DuckDuckGo and Neeva pointed to Facebook’s platform as one example. Its robots.txt file takes a guest-list approach, approving Google and Bing as well as such less obvious crawlers as “Applebot,” which gathers data for Apple’s Siri and Spotlight. But it excludes all bots not cited by name.
Jason Grosse, a spokesperson for Facebook’s parent firm Meta, said in an email: “Generally speaking, our robots.txt policy is not out of line with other major platforms.”
Indexing sites that don’t appreciate a new crawler’s attention can demand discretion and diplomacy.
“A lot of the work we’ve done in the last year, year and a half, is building a crawler system that is well behaved,” said Neeva’s Raghunathan. “We do things like smart algorithmic estimation of how much can we crawl this site so it looks like a rounding error.”
Sometimes, however, Neeva has to ask for help. From whom? “I’d say it’s been the first person we know, and often the first person we know is the CEO or the head of engineering.”
Even a search site that excels at providing web results will struggle to match Google’s full-spectrum information retrieval.
Brave, meanwhile, operates in a stealth mode by varying its crawler’s identification and only abiding by whatever restrictions a robots.txt file places on Google’s crawler. Josep M. Pujol, chief of search at Brave, founded by Mozilla cofounder Brendan Eich and better known for its privacy-focused browser, said in an email that this requires treading lightly.
“We respect the spirit of the law but not the letter,” he said. “As of today, the data centers that host our crawlers have received a very small number of complaints.”
Pujol called asking individual sites’ permission impractical: “How do you scale human interaction to thousands of companies?”
Google, meanwhile, can get another leg up because its nonsearch lines of businesses—starting with display ads, but including services like Google Analytics—require access to sites that competitors can only request, said Zack Maril, a software engineer and founder of a search-competition group called Knuckleheads’ Club.
These other ventures, he wrote in an email, “all can benefit from Google’s search business in various ways that other competitors running only search engines simply cannot compete on.”
Search sites without Google- or Bing-level traffic also lack large-scale metrics about what sites are more or less popular. Google and Bing “can look at everything that people liked, and prioritize all the clicks from there,” says Raghunathan. “When you’re bootstrapping, it’s a lot harder.”

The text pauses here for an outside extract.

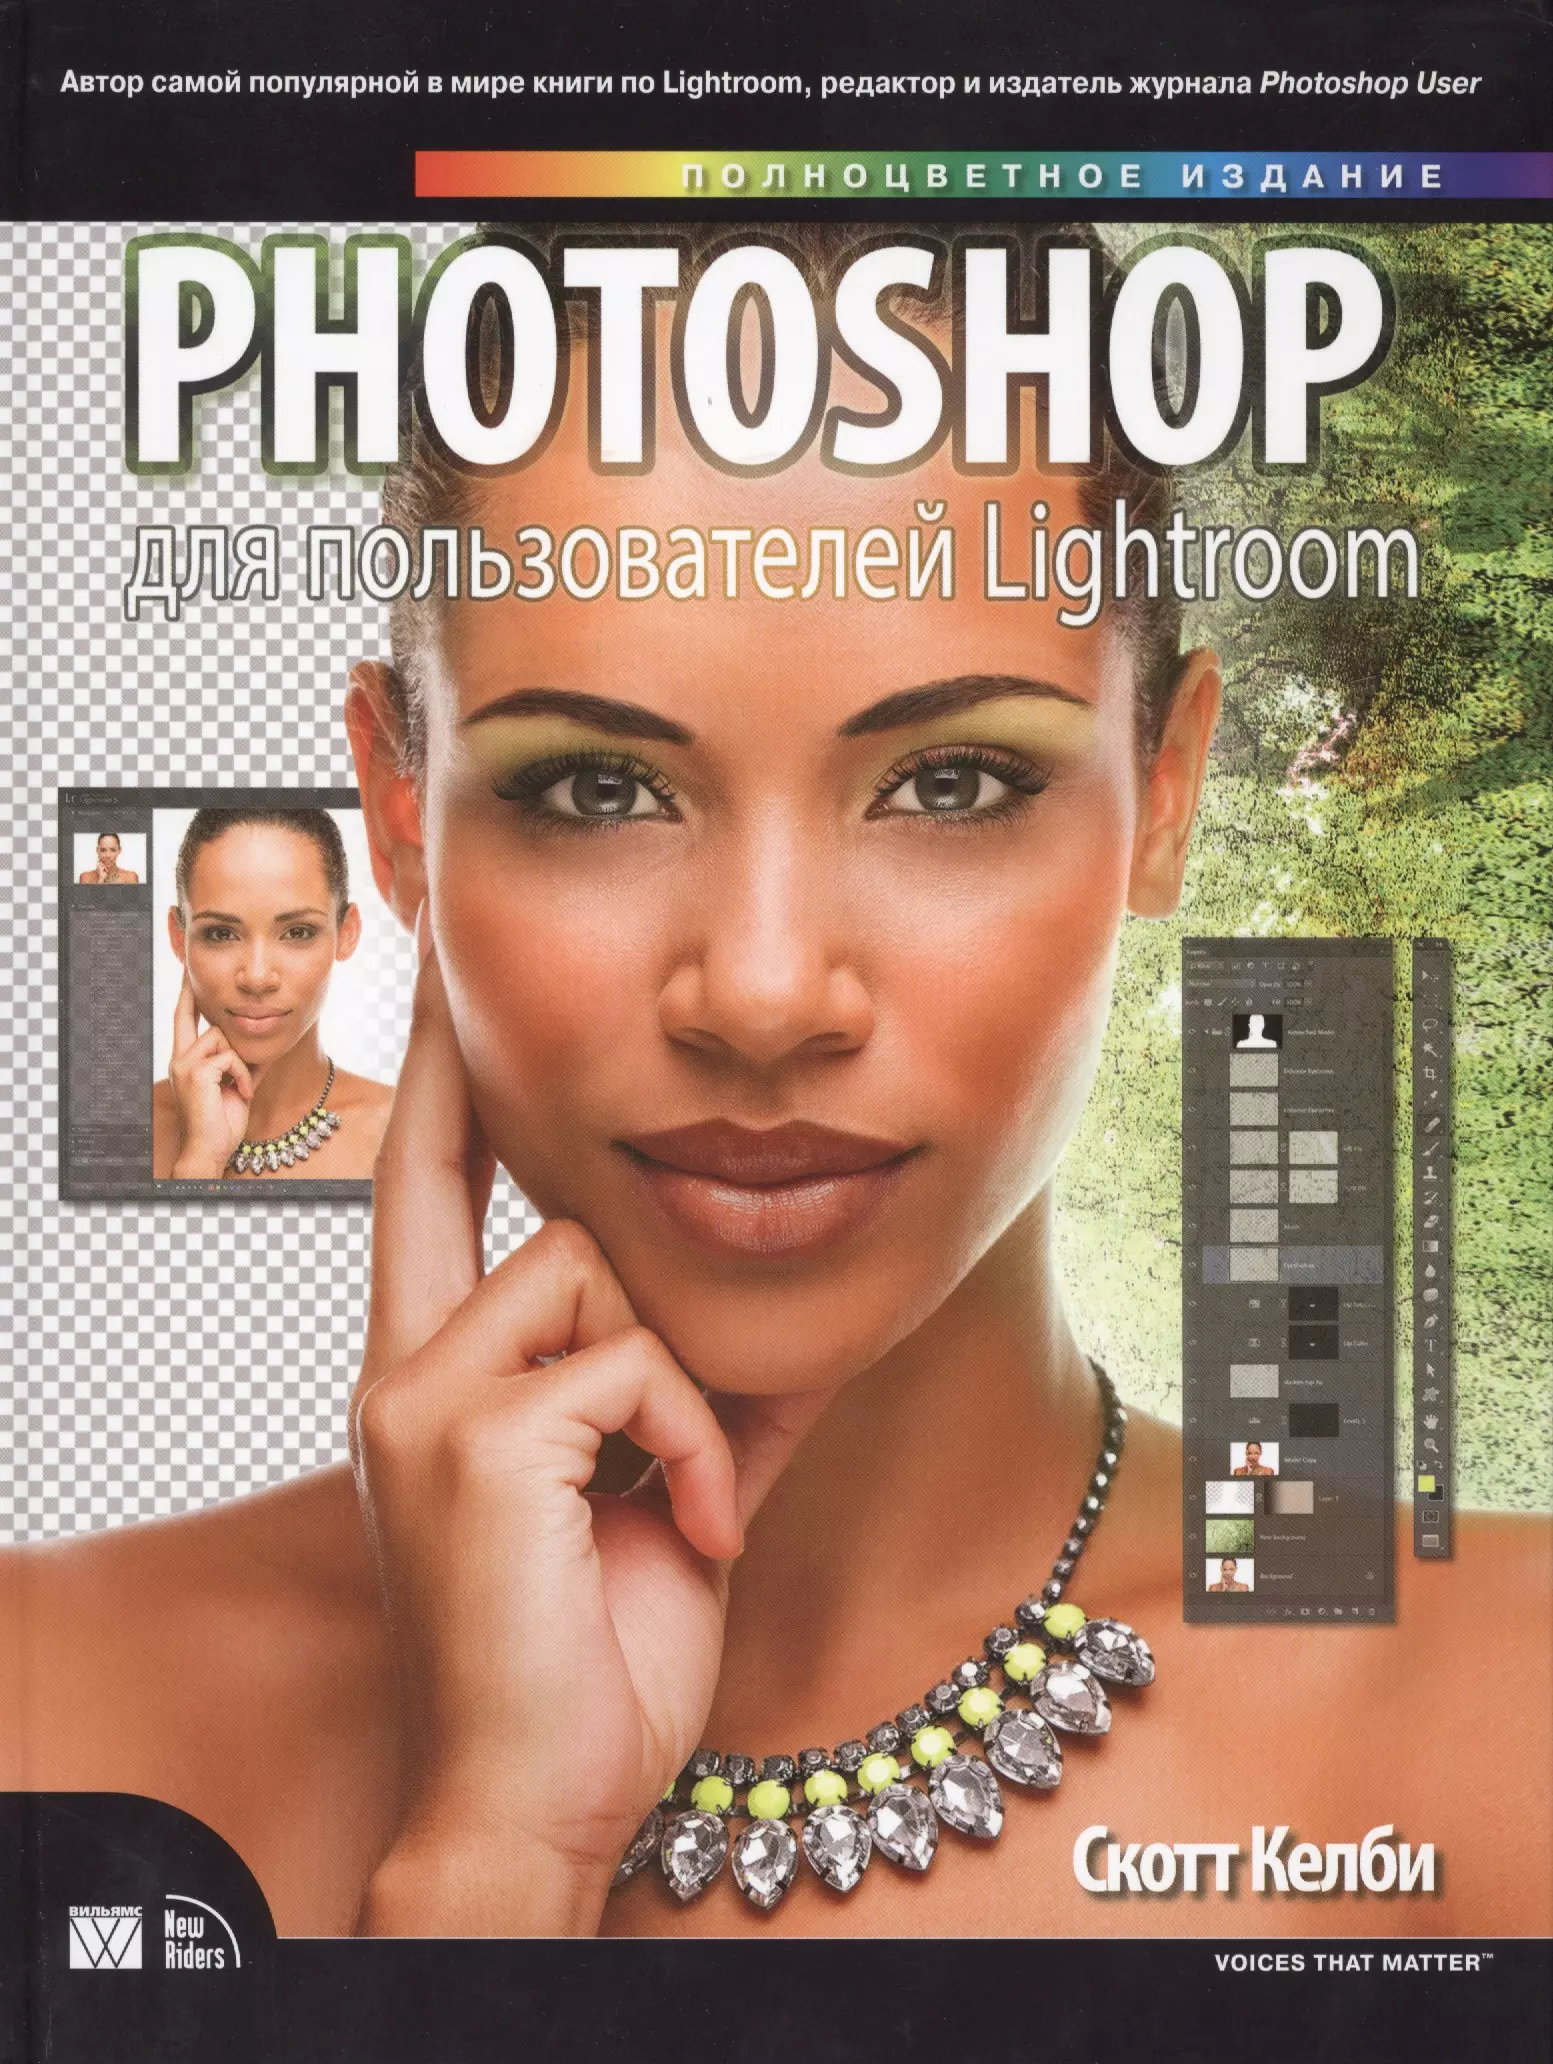 цена Келби Скотт Photoshop для пользователей Lightroom
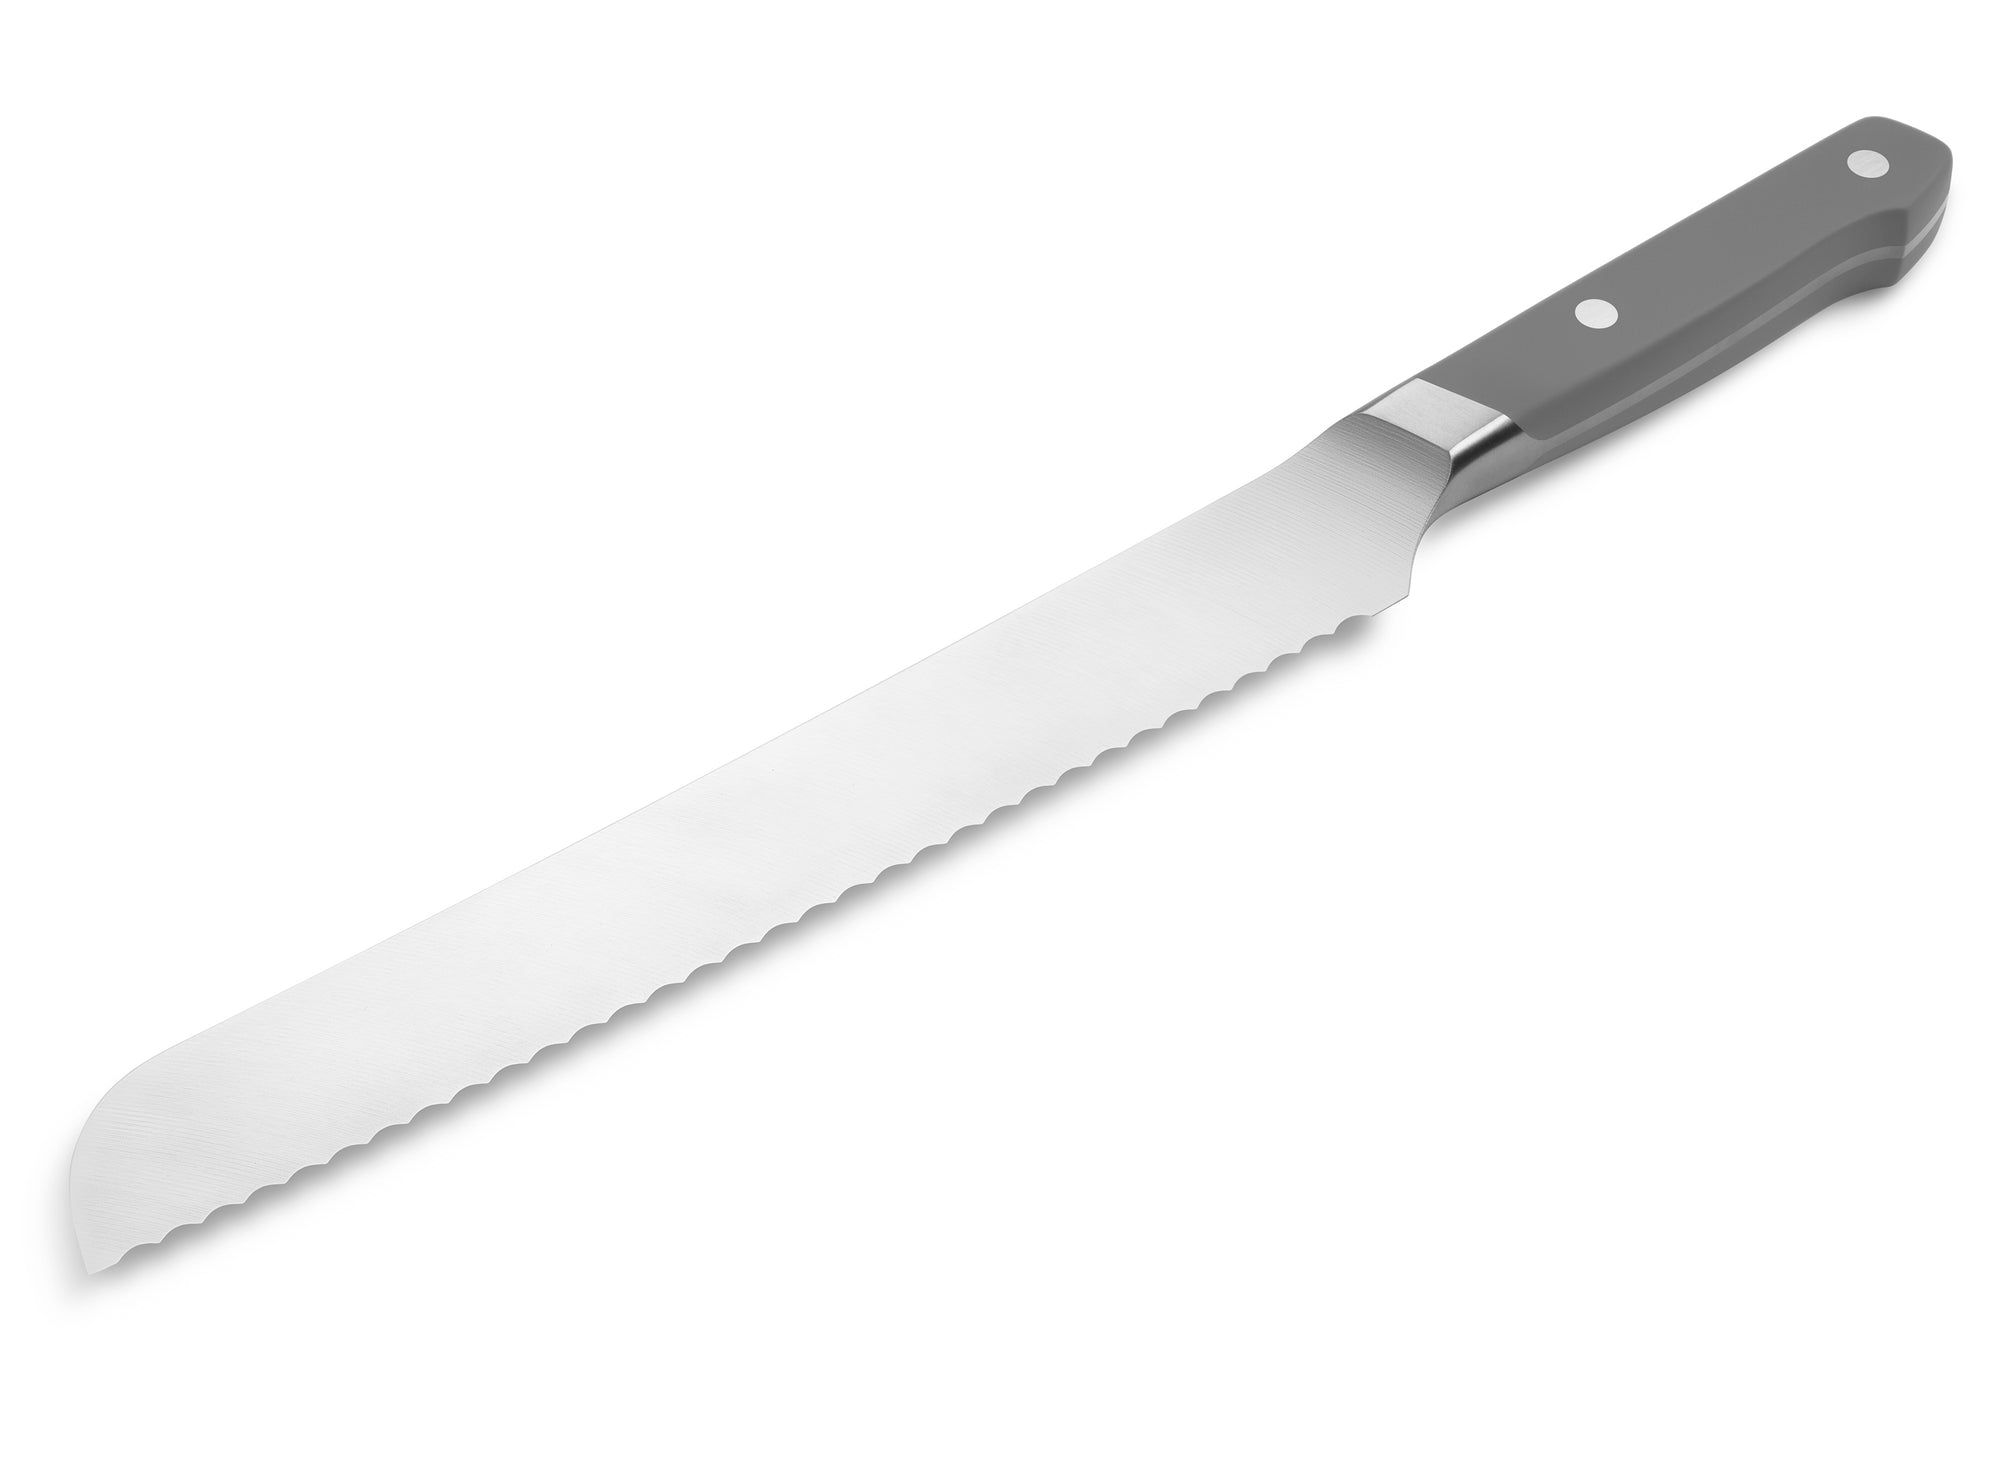 Misen MK-1033-2 Serrated Bread Knife, 9.5 Inch Bread Cutter, Blue

A report on digital competition, published in July 2020 by the U.K.’s Competition and Markets Authority, suggested requiring Google to provide some of these metrics. As DuckDuckGo communications vice president Kamyl Bazbaz approvingly phrased it, “Share a certain amount of click-and-query data that other search engines could use to level the playing field.”
Brave invites itself to a form of that sharing when it asks its users to allow “Google fallback mixing,” in which Brave sends along a query to Google and then analyzes the results to improve its index.
Even a search site that excels at providing web results will struggle to match Google’s full-spectrum information retrieval. For example, I’ve had DuckDuckGo as the default on my iPad Mini for years—but its maps results only cover driving and walking, so I still find myself turning to Apple Maps and Google Maps.
Despite the inherent challenges of competing with Google in search, the fact that new firms are still willing to try speaks well of the stubbornness that these upstarts will need.
“We love that there are lots of other search competitors now,” said DuckDuckGo’s Bazbaz. “It’s a market that, historically, people have been really afraid of—and for good reason—because of the way that Google has dominated it.”